Question

A 12.0 μF capacitor is charged to a potential of 50.0 V and discharged
through a 175 Ω resistor. How long does it take the
capacitor to lose half its charge? A 12.0 μF capacitor is charged to a potential of 50.0 V and discharged
through a 175 Ω resistor. How long does it take the
capacitor to lose half its charge? @Physics

Answer 1

I'd be interested to see the answer to this.

Answer 2

the answer is 1.5*10^-3 seconds, but I don't know how to calculate it, it involves the equation for a charging capacitor. \[\xi/R*e^(-t/RC)\]

Answer 3

The function to calculated voltage is:
\[\Large {V_c}\left( t \right) = {V_i}{e^{ - \frac{t}{{RC}}}}\]
You can work backwards from this to find the time.

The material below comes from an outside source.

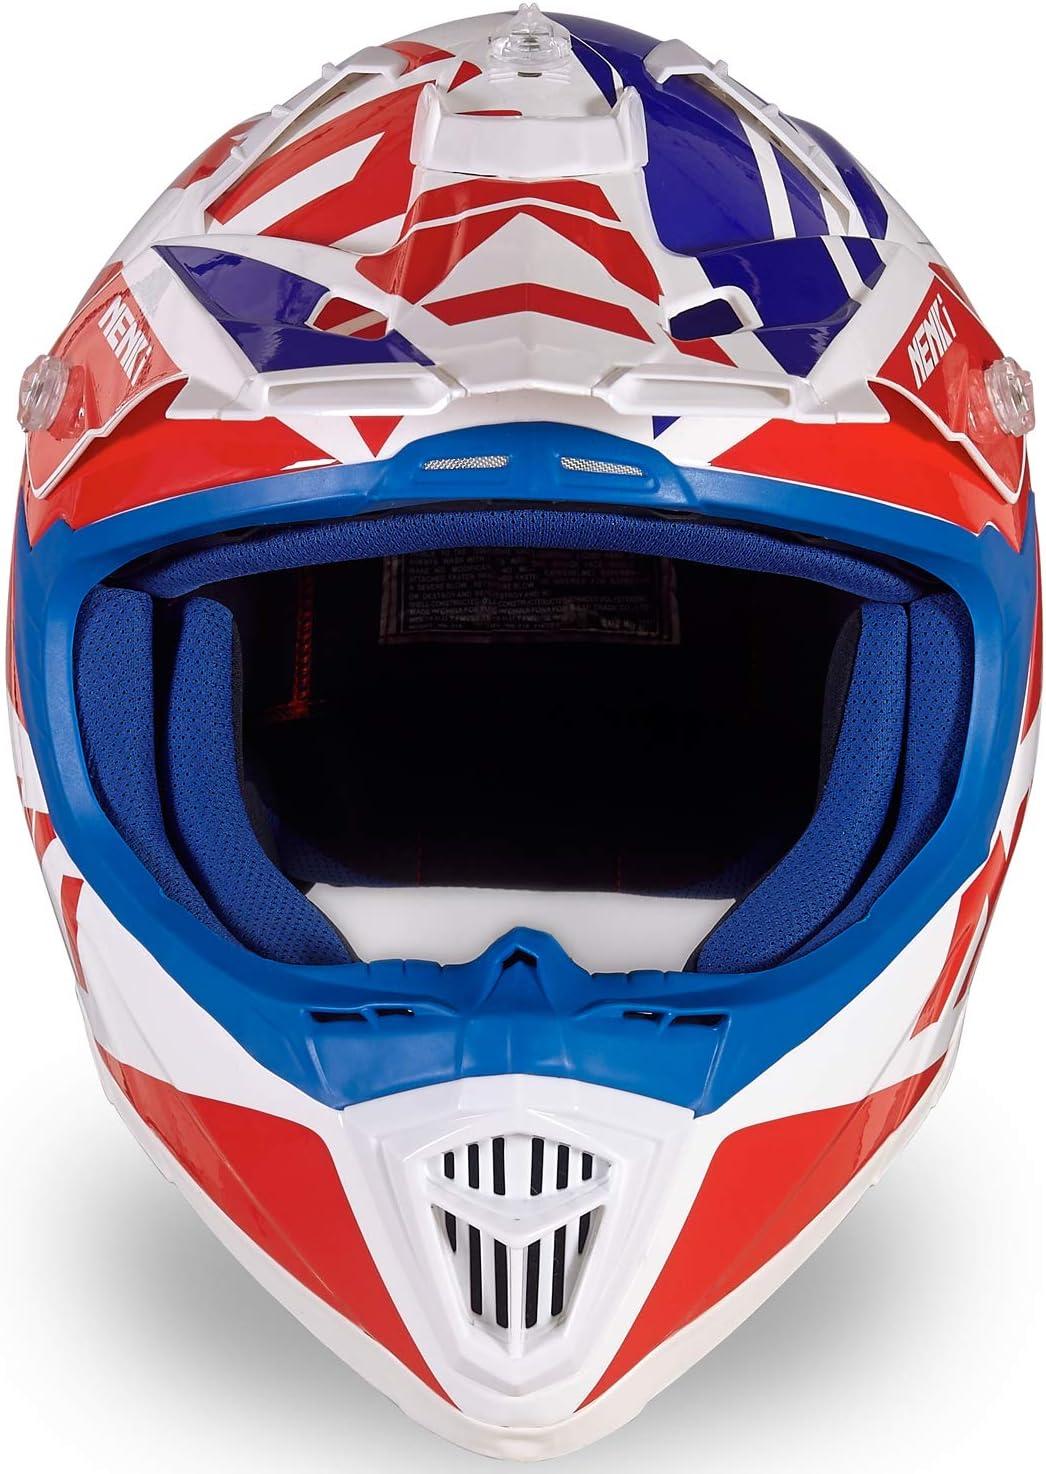 S, Blue Red NENKI Motocross Offroad Dirt Bike Helmet NK-316 Dot Approved for Mens and Womens,Fiberglass Shell

Step by step:
\[\Large \begin{array}{l}
{V_c}\left( t \right) = {V_i}{e^{ - \frac{t}{{RC}}}}\\
\ln \left( {{V_c}} \right) = \ln \left( {{V_i}{e^{ - \frac{t}{{RC}}}}} \right) = \ln \left( {{V_i}} \right) + \ln \left( {{e^{ - \frac{t}{{RC}}}}} \right)\\
\ln ({V_c}) = \ln ({V_i}) - \frac{t}{{RC}}\\
\ln ({V_c}) - \ln ({V_i}) = - \frac{t}{{RC}}\\
\ln \left( {\frac{{{V_c}}}{{{V_i}}}} \right) = - \frac{t}{{RC}}\\
t = - RC \cdot \ln \left( {\frac{{{V_c}}}{{{V_i}}}} \right)\\
t = - 175 \cdot \left( {12 \times {{10}^{ - 6}}} \right) \cdot \ln \left( {\frac{{25}}{{50}}} \right)\\
= 1.4556 \times {10^{ - 3}}{\rm{s}}
\end{array}\]
A handy formula to keep around would be:
\[\Large t = - RC \cdot \ln \left( p \right)\]Where p is the decimal percentage of voltage change (i.e. Vc/Vi).